*** Opening INFORMATION PROVIDED ***

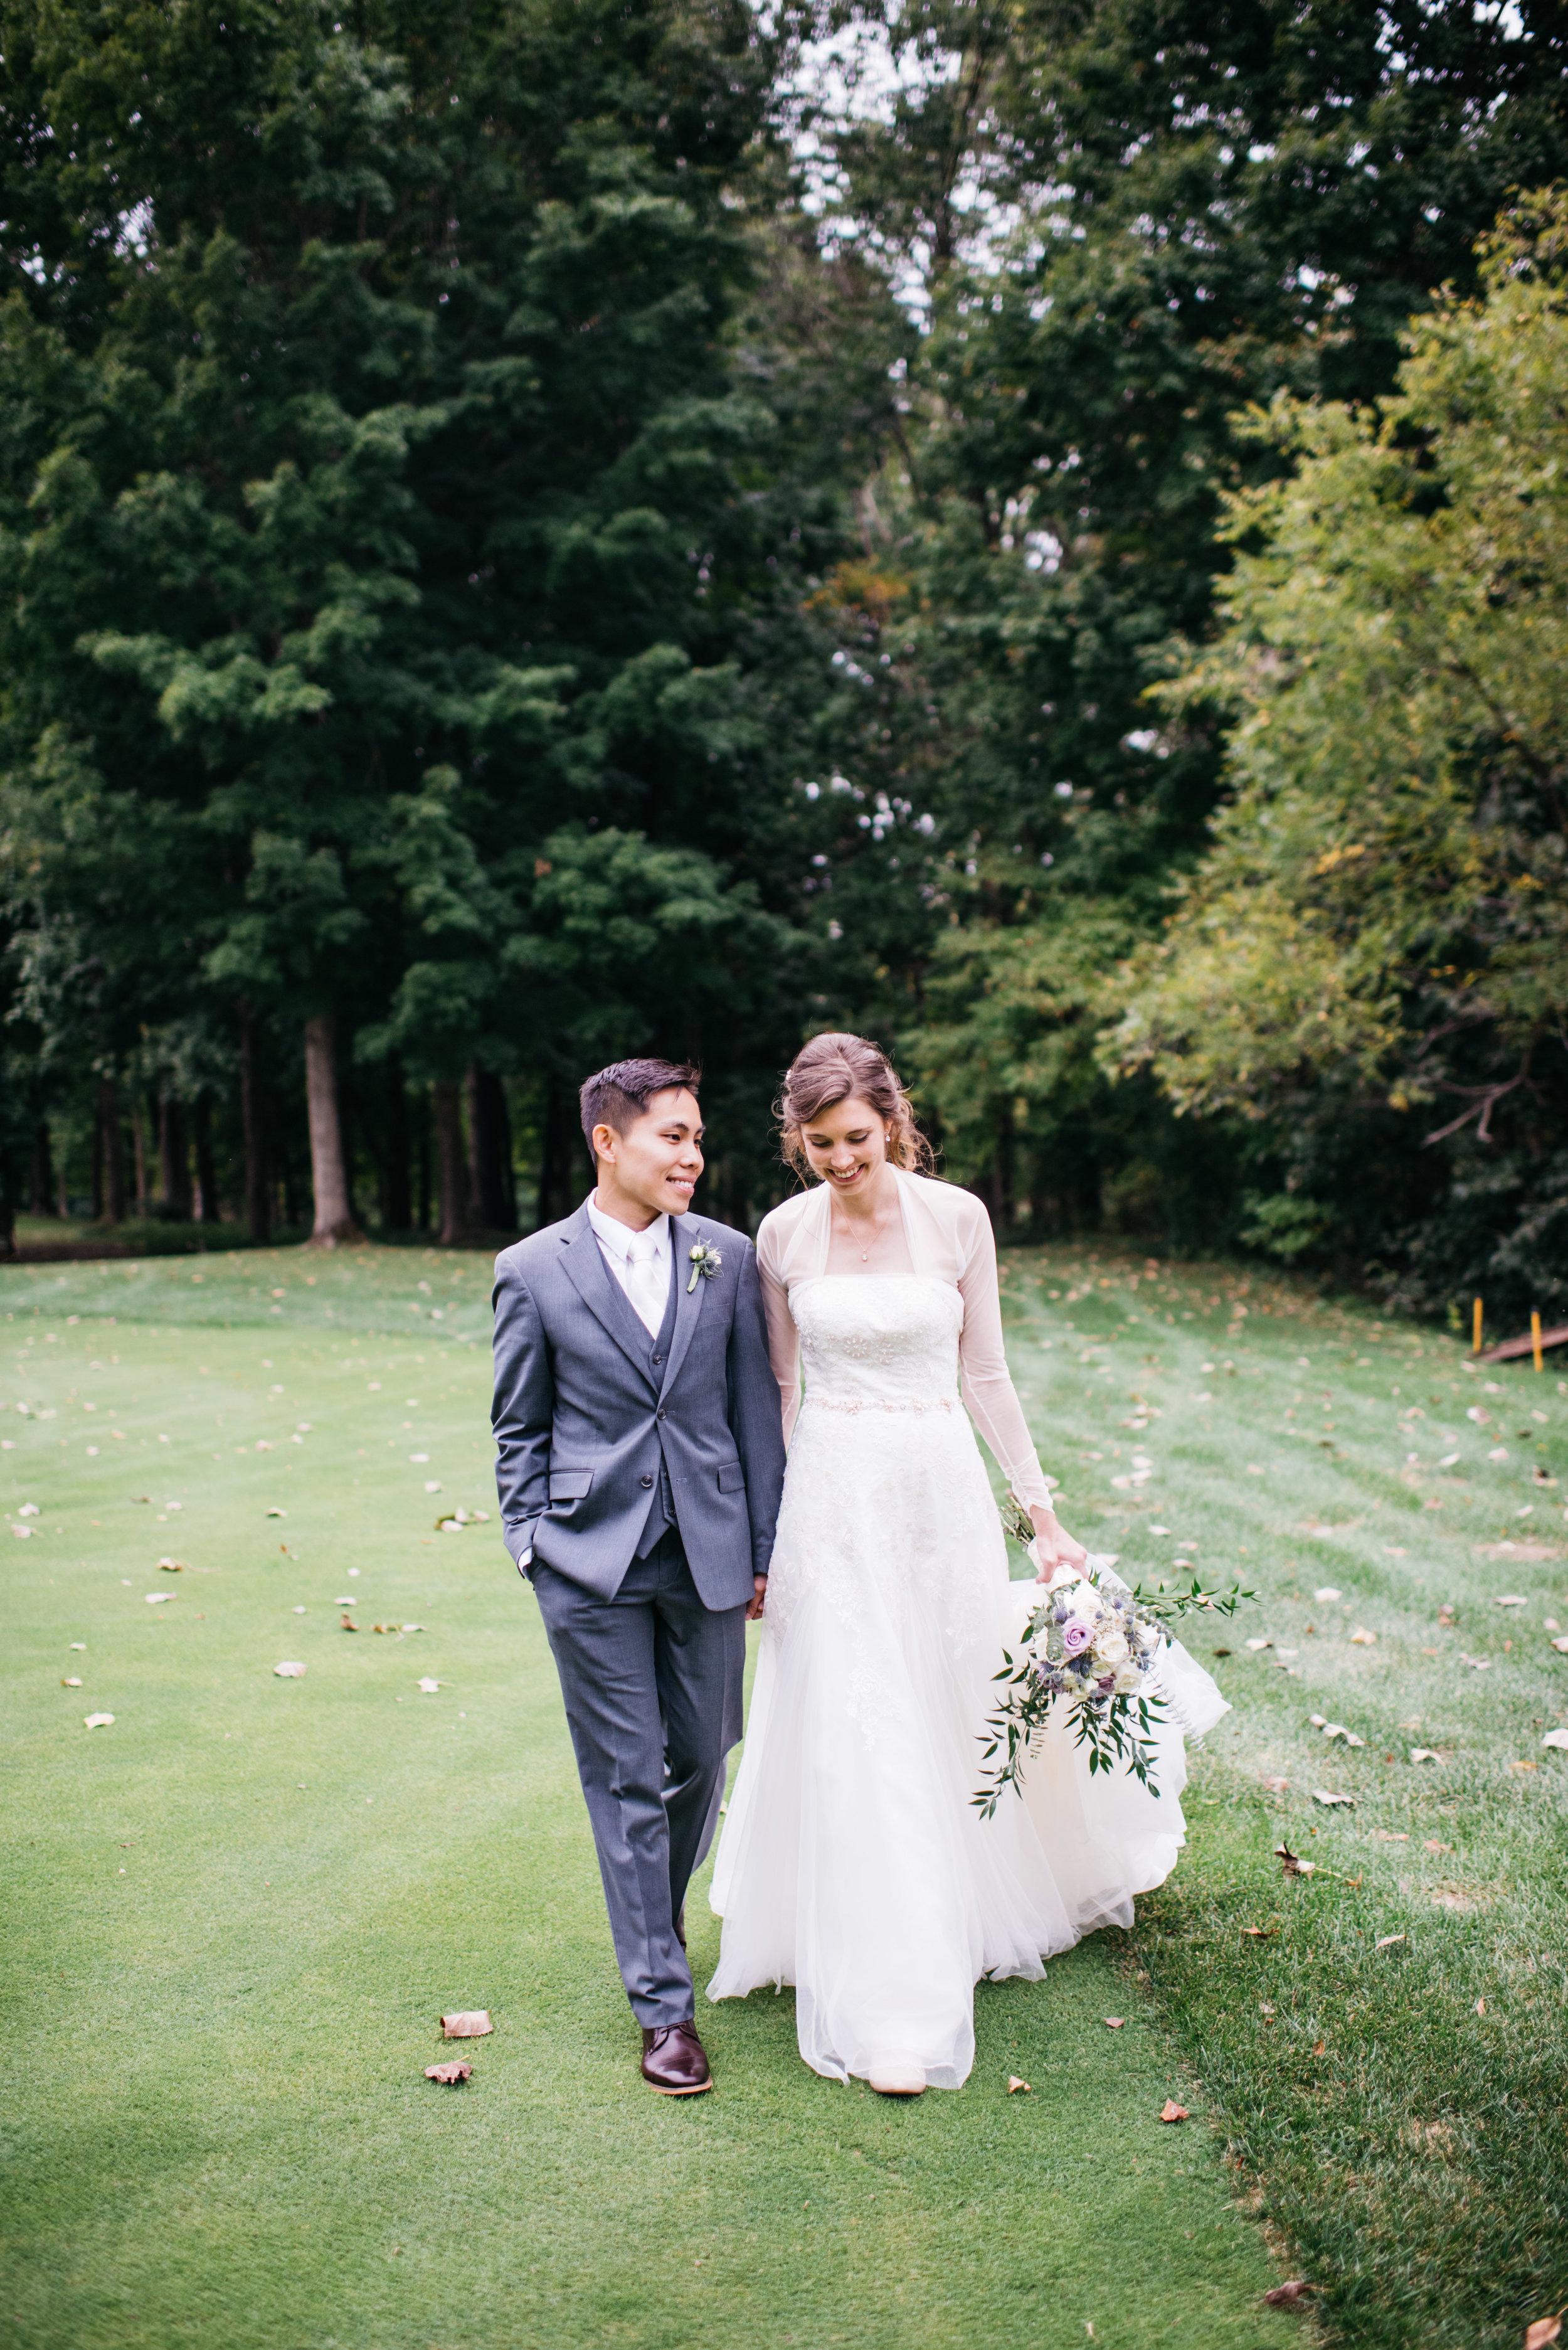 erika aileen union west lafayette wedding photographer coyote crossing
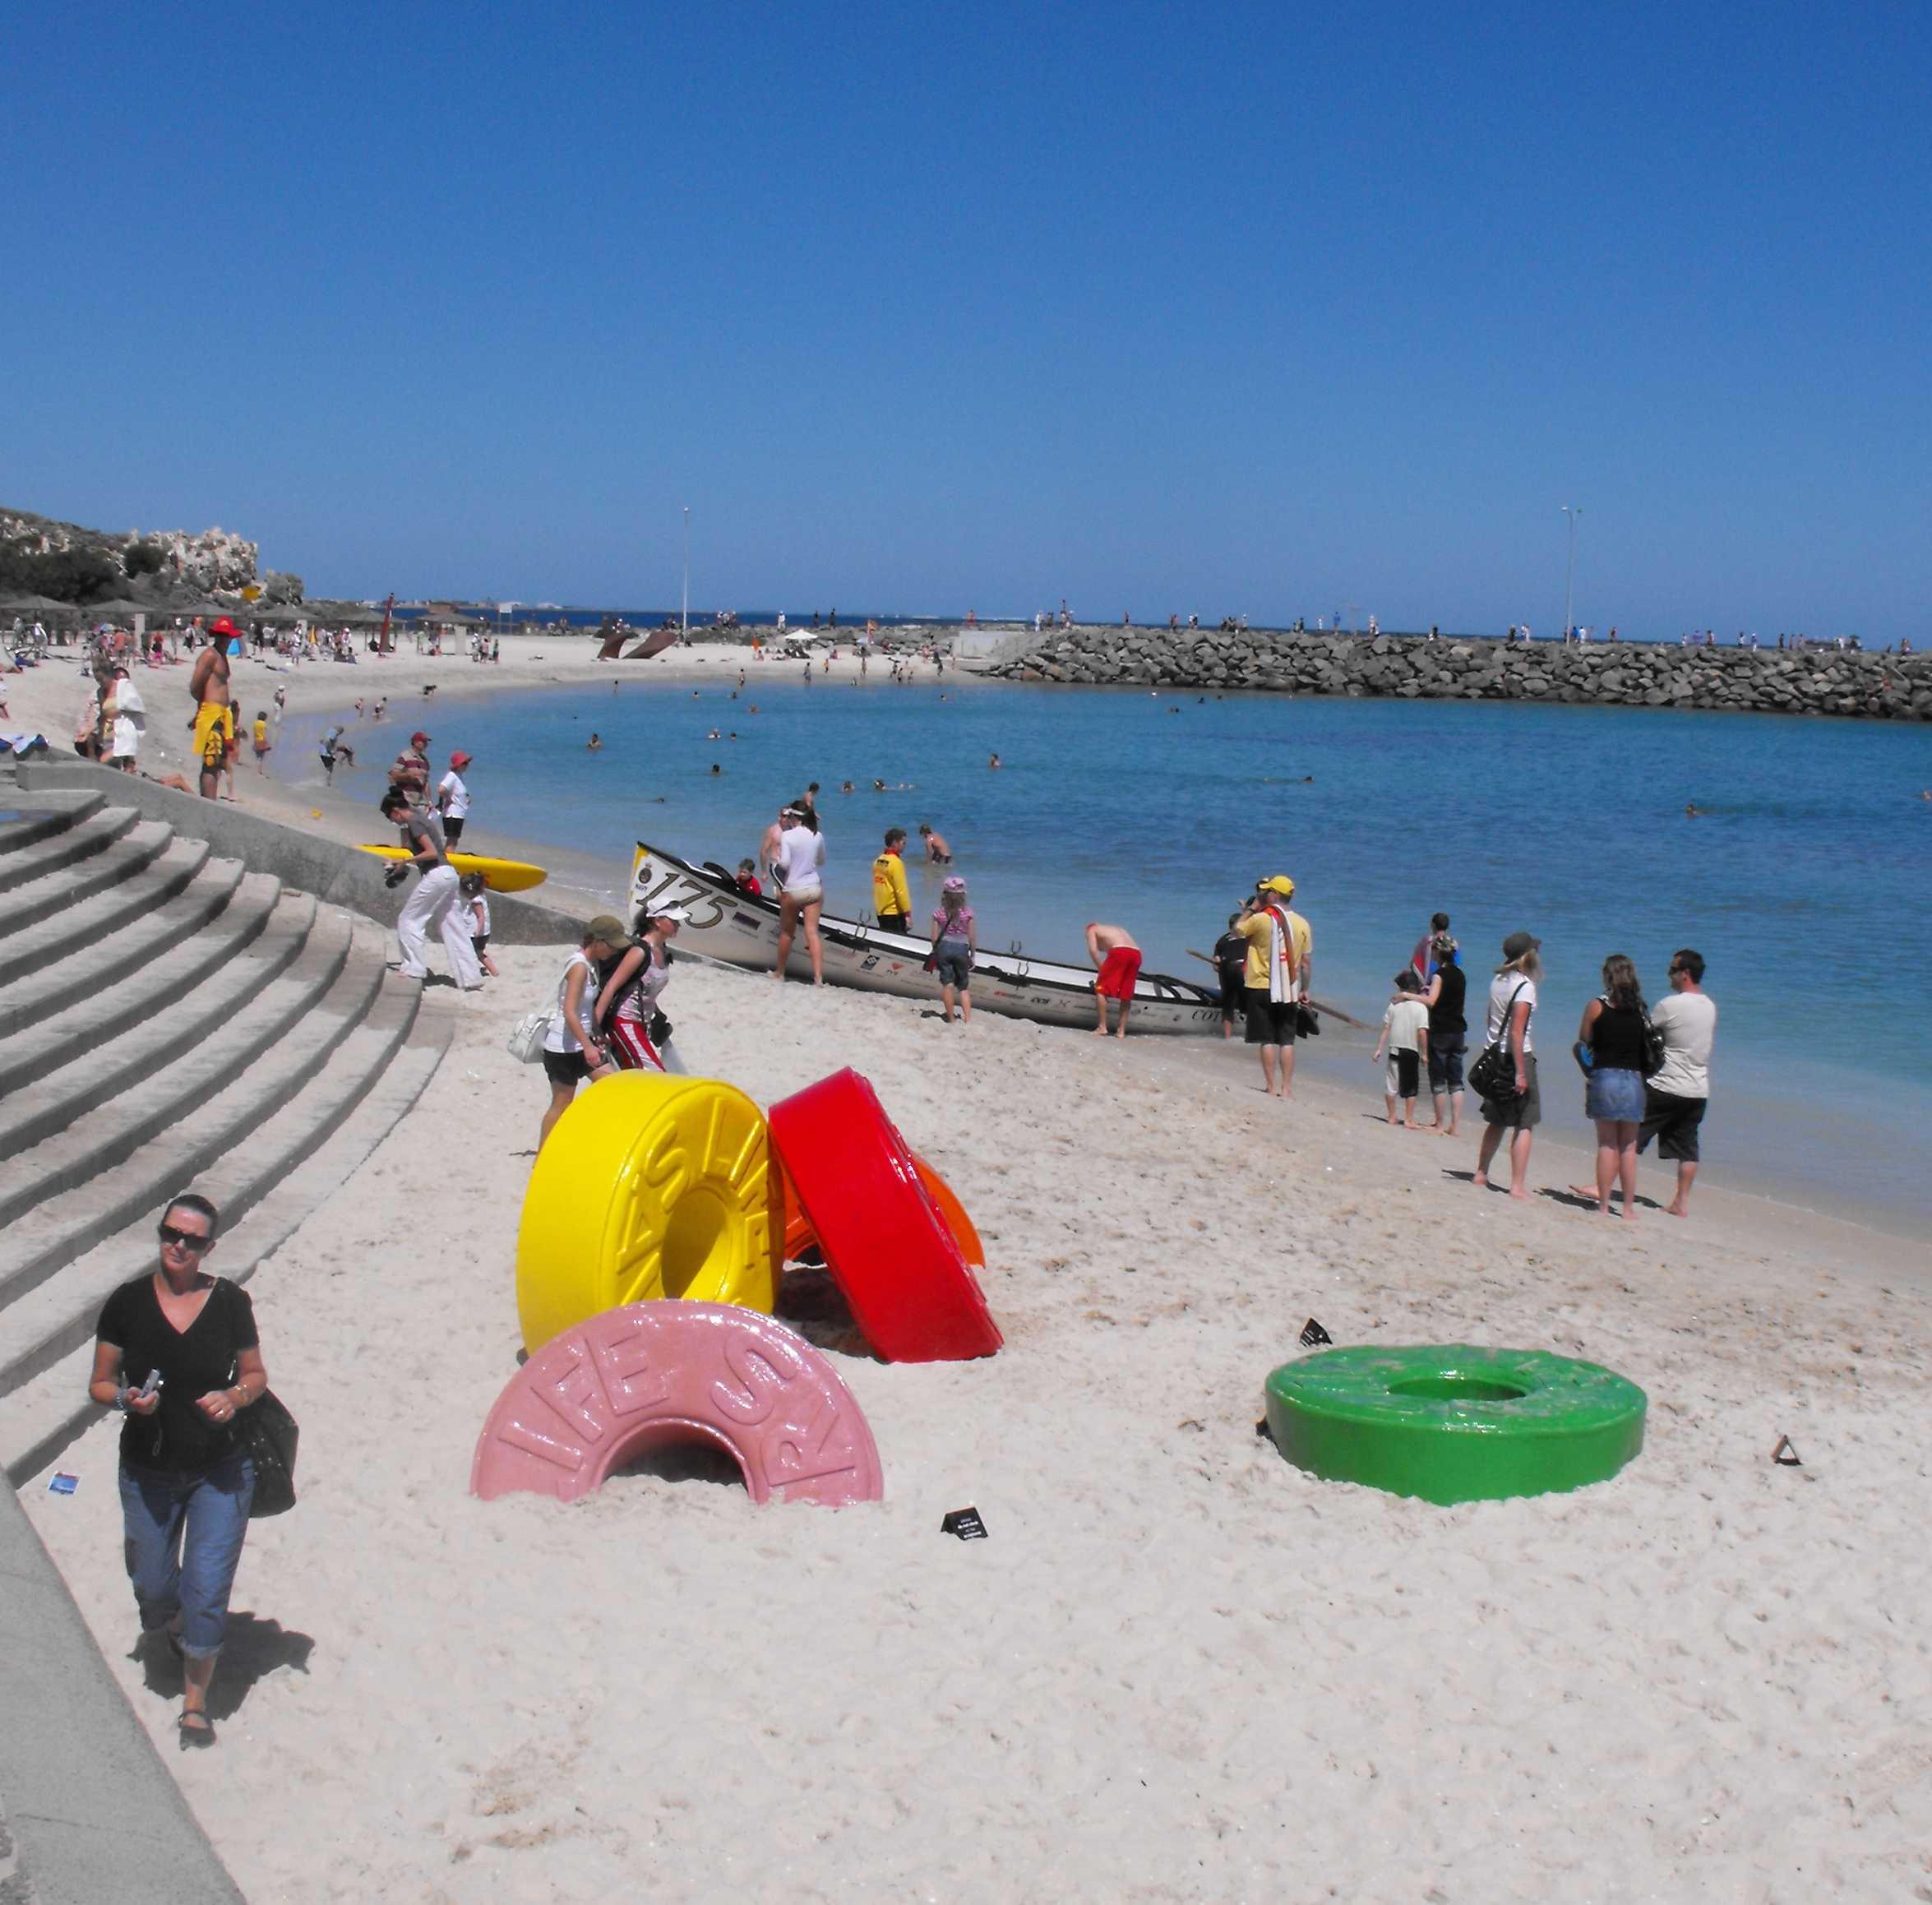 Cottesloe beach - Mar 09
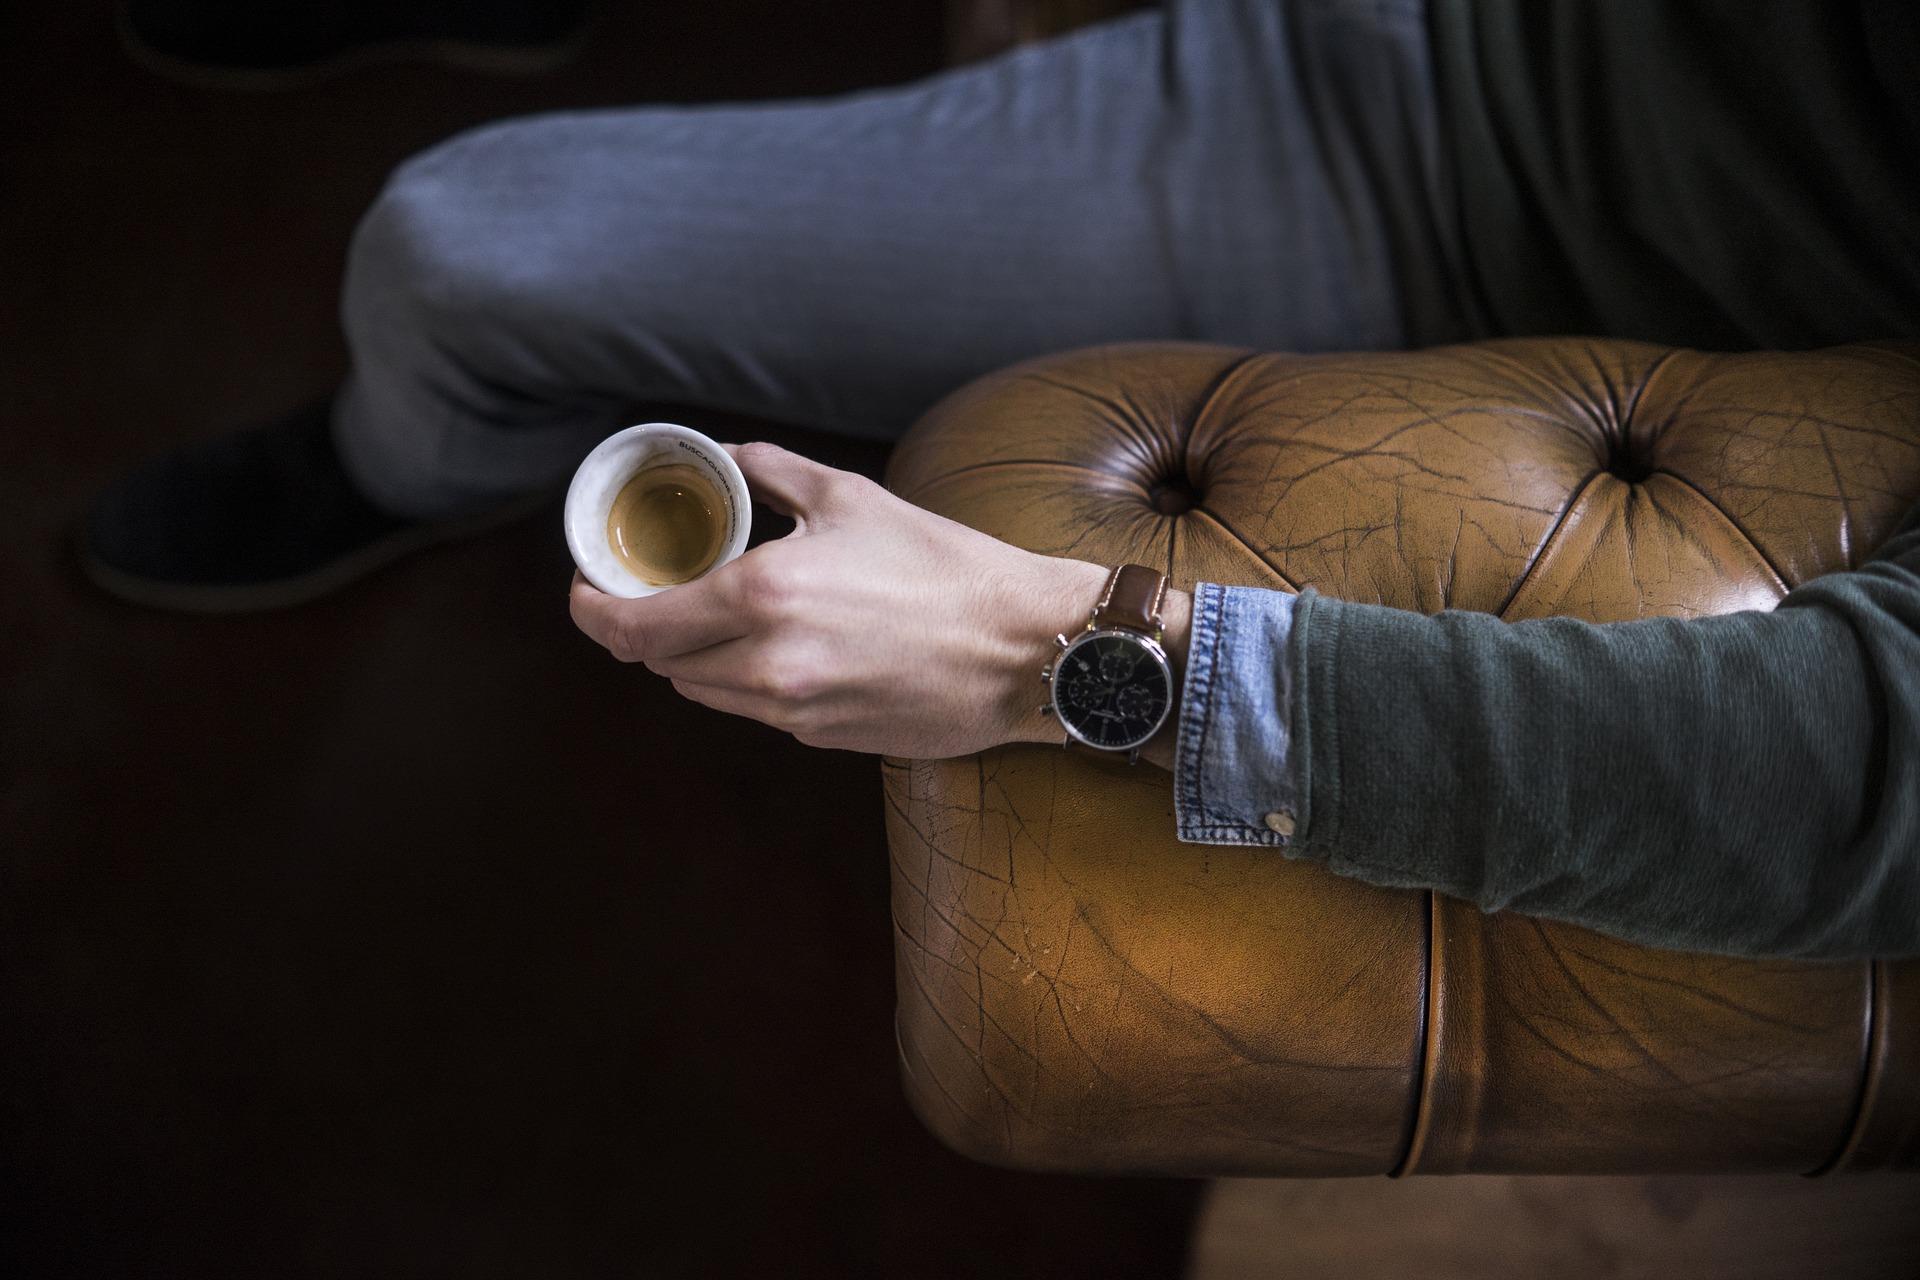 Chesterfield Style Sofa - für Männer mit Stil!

*** Closing INFORMATION PROVIDED ***

EXERCISE PROMPT: Return the material as it stands. Leave out the pictures.

RESULT:
 erika aileen union west lafayette wedding photographer coyote crossing
 Cottesloe beach - Mar 09
 Chesterfield Style Sofa - für Männer mit Stil!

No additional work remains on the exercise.